Your copy of the lines below must match them exactly and contain no images.

_DATA BELOW_
= = =

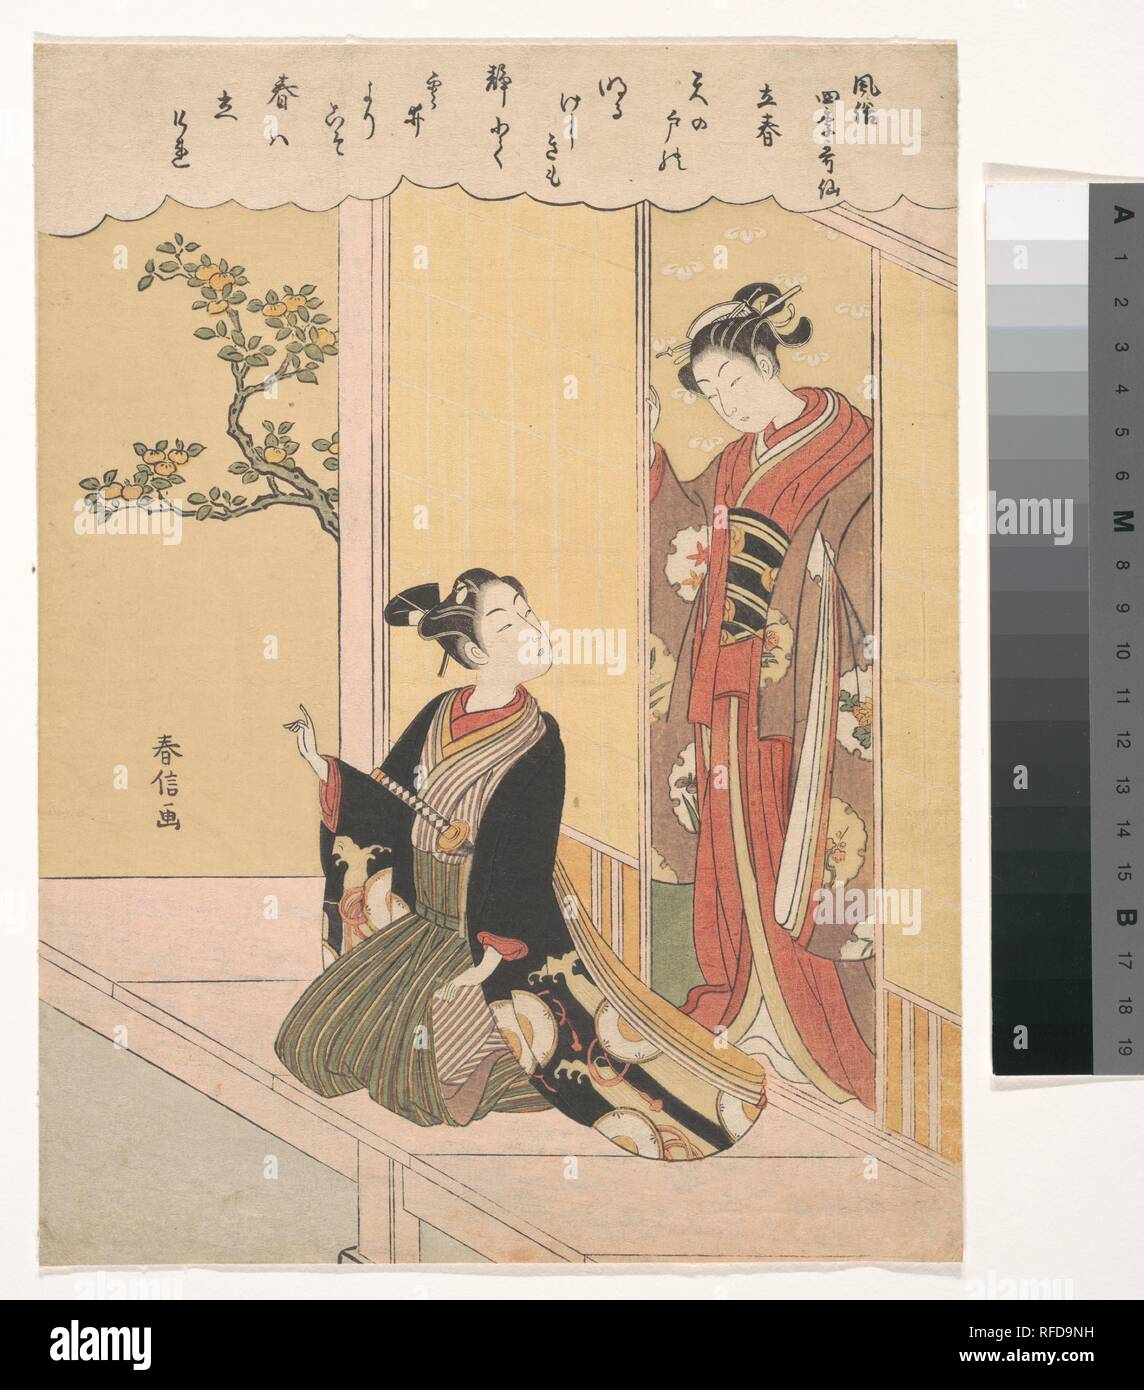 The First Day of Spring (Risshun), from the series Fashionable Poetic Immortals of the Four Seasons (Fuzoku shiki Kasen). Artist: Suzuki Harunobu (Japanese, 1725-1770). Culture: Japan. Dimensions: 11 x 8 1/4 in. (27.9 x 21 cm). Date: ca. 1768.  A young man with a sword tucked into his sash looks up at a young woman in the doorway as he gestures toward a bitter-orange (daidai) tree in the garden. The artist puns on a classical poem by Fujiwara no Shunzei (1114-1204) that refers to opening the gates of the heavens (ama no to) by showing a young woman opening rain shutters (amado). The poem reads Stock Photo
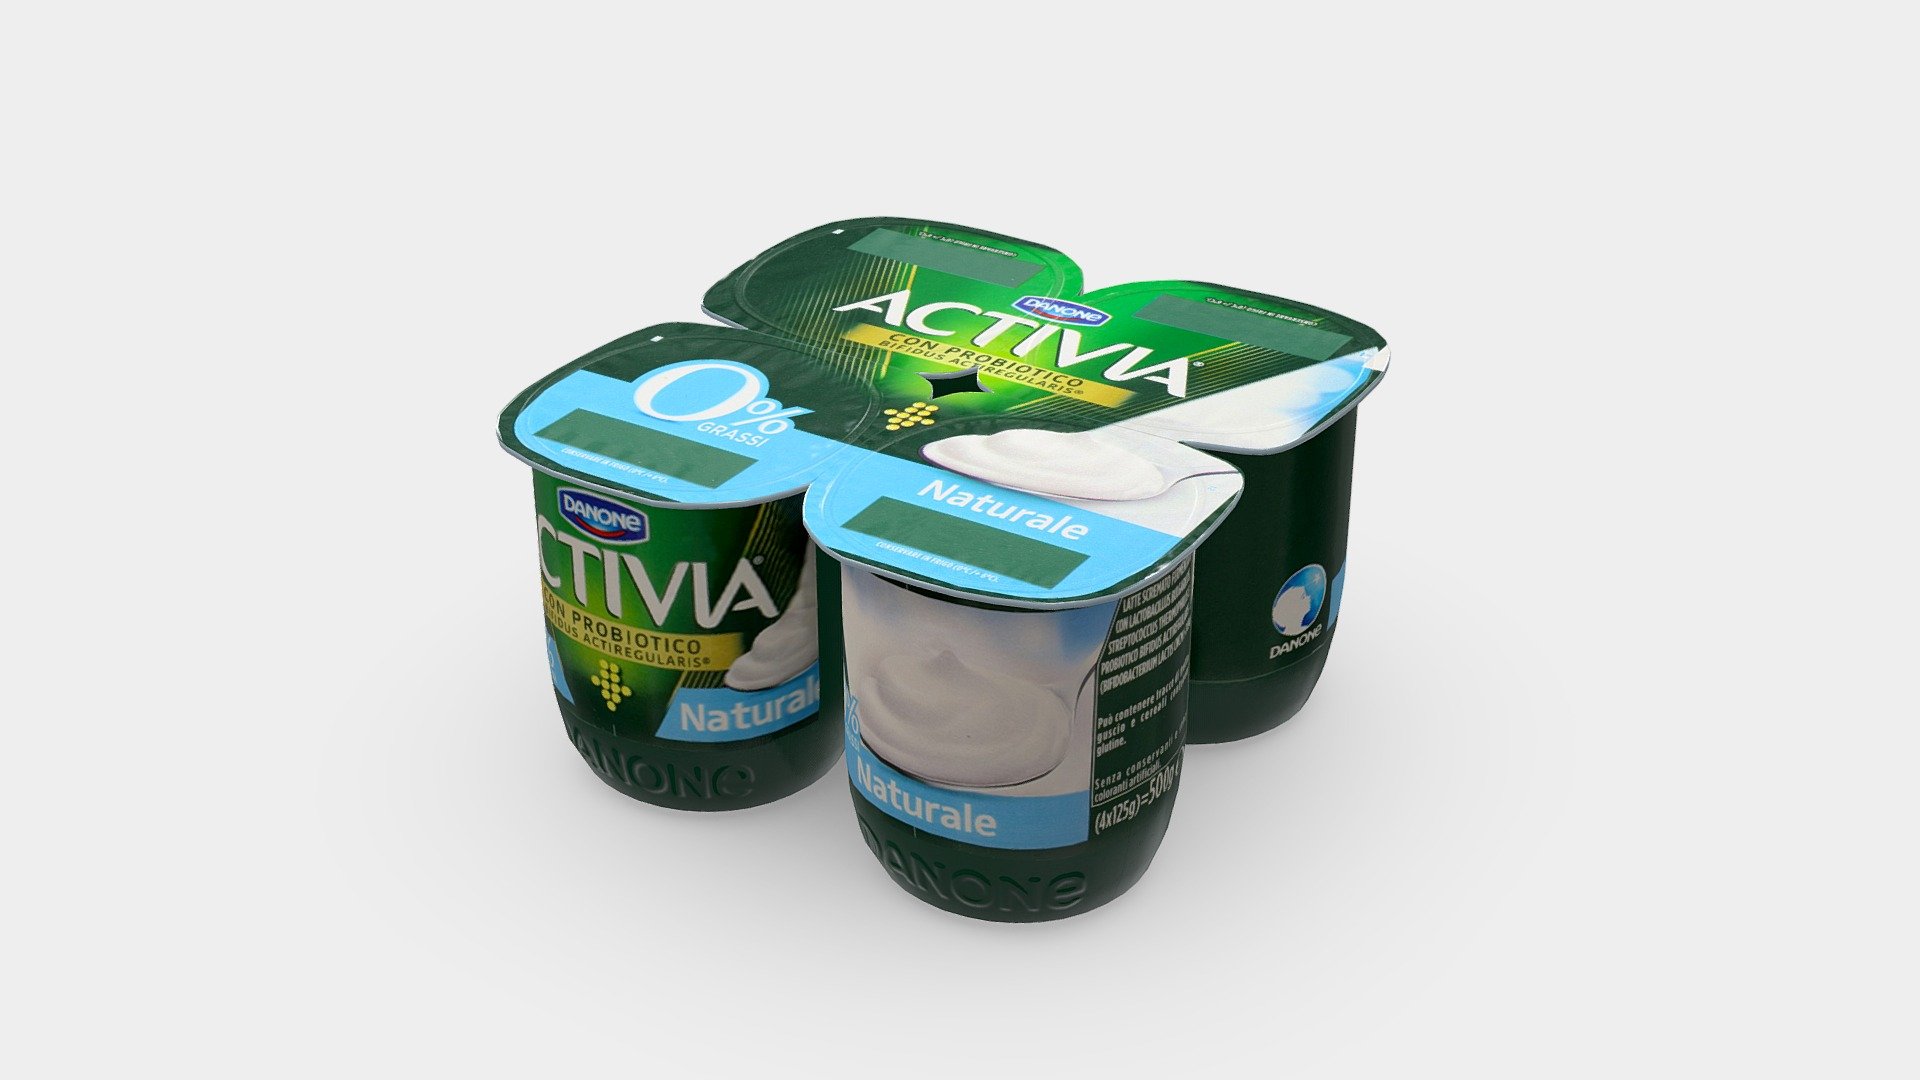 Activia yogurt Naturale 4 X 125 G
VR and game ready for high quality Architectural Visualization
EAN: 8001630005559 - ACTIVIA - Yogurt naturale - 3D model by Invrsion 3d model

= = =

_RESULT FOR THIS EXERCISE_
 The First Day of Spring (Risshun), from the series Fashionable Poetic Immortals of the Four Seasons (Fuzoku shiki Kasen). Artist: Suzuki Harunobu (Japanese, 1725-1770). Culture: Japan. Dimensions: 11 x 8 1/4 in. (27.9 x 21 cm). Date: ca. 1768.  A young man with a sword tucked into his sash looks up at a young woman in the doorway as he gestures toward a bitter-orange (daidai) tree in the garden. The artist puns on a classical poem by Fujiwara no Shunzei (1114-1204) that refers to opening the gates of the heavens (ama no to) by showing a young woman opening rain shutters (amado). The poem reads Stock Photo
 Activia yogurt Naturale 4 X 125 G
VR and game ready for high quality Architectural Visualization
EAN: 8001630005559 - ACTIVIA - Yogurt naturale - 3D model by Invrsion 3d model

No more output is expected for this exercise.